Evidence of drug abuse (including excessive alcohol consumption) within one year of study entry
History of a severe seizure disorder or current anticonvulsant use
History of immunologically mediated disease (e.g., inflammatory bowel disease, idiopathic thrombocytopenic purpura, lupus erythematosus, autoimmune hemolytic anemia, scleroderma, severe psoriasis, rheumatoid arthritis etc.)
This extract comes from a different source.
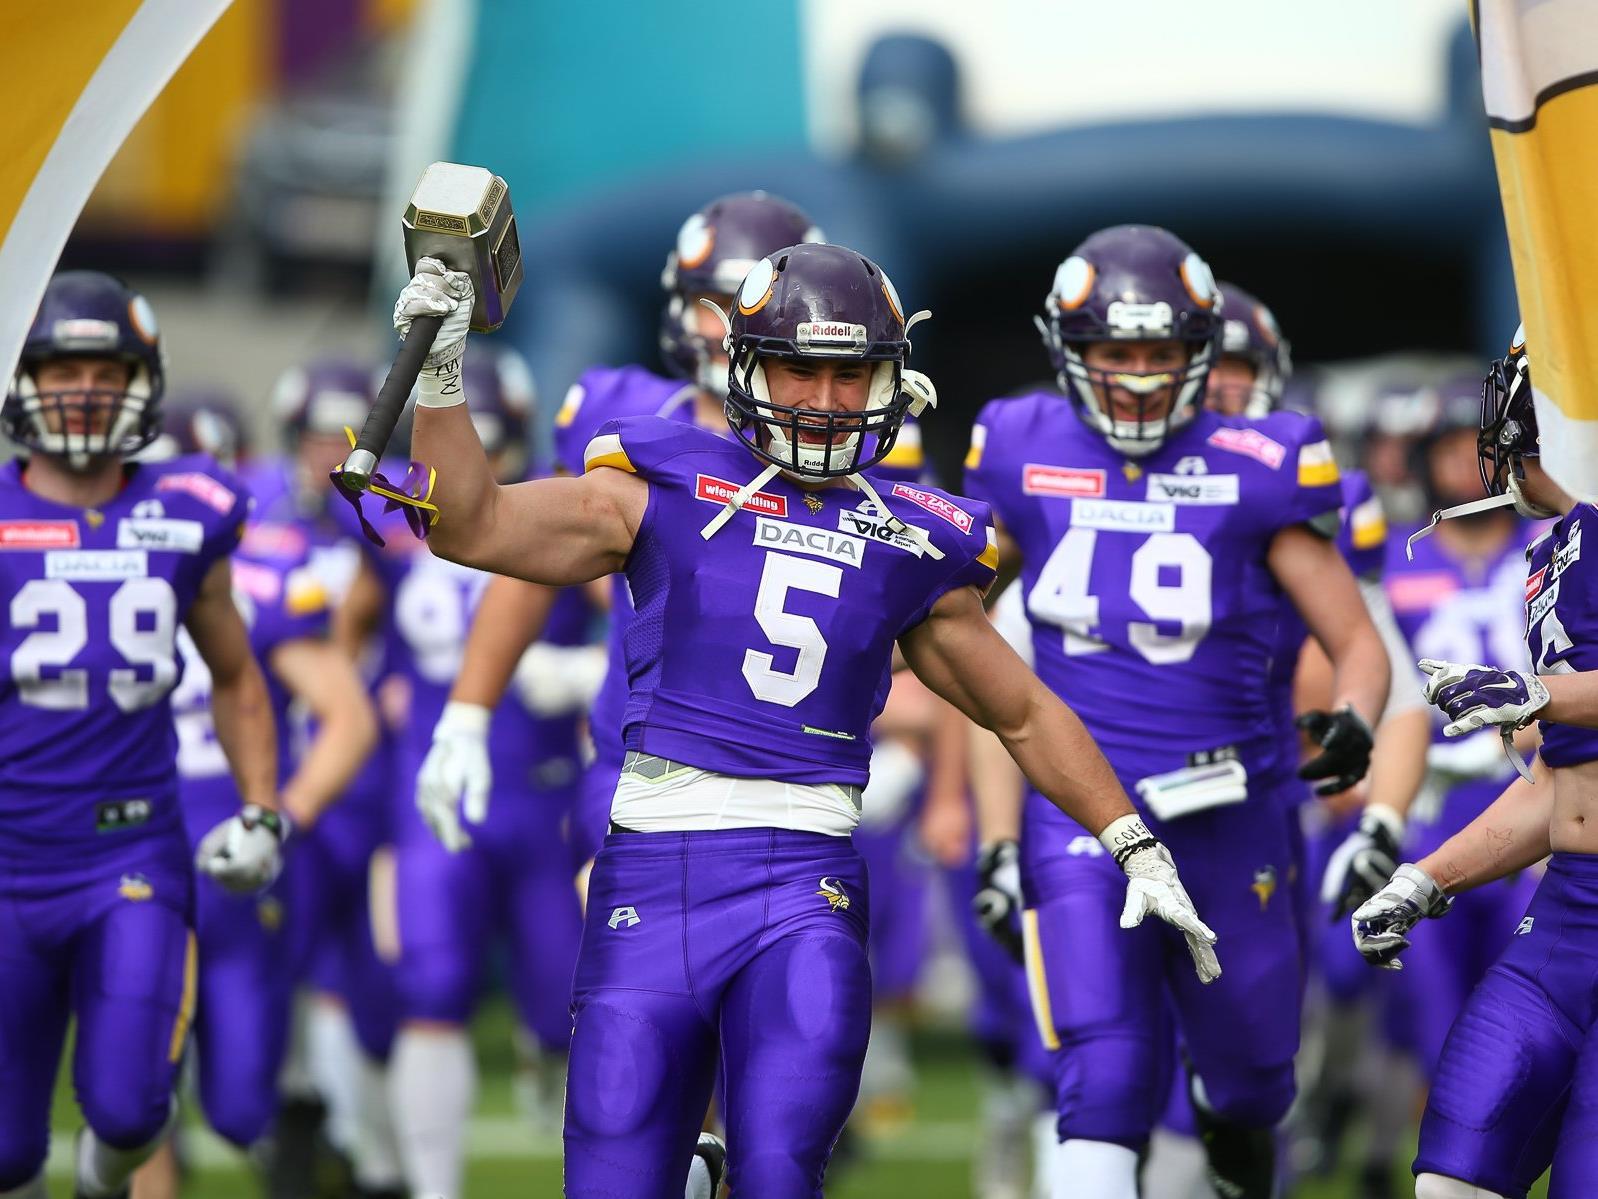 Die Vikings stehen nun an der Spitze der AFL.

History of major organ transplantation with an existing functional graft
History or other evidence of severe illness or any other conditions which would make the patient, in the opinion of the investigator, unsuitable for the study
Evidence of an active or suspected cancer or a history of malignancy where the risk of recurrence is over 20 % within 2 years
Patients with a value of alpha-fetoprotein over 100 ng/mL are excluded, unless stability (less than 10 % increase) has been documented over at least the previous 3 months
Patients included in another trial within 8 weeks prior to screening
Inability or unwillingness to provide informed consent or abide by the requirements of the study Reassessments : If a patient fails to meet the above inclusion /exclusion criteria for a reason thought to be reversible, that patient may be reassessed for entry on two additional occasions at most. If the parameter out of range for inclusion was ALT over 10 x ULN, the patient should be reassessed over 4 weeks after the date corresponding to the value that was over 10 x ULN.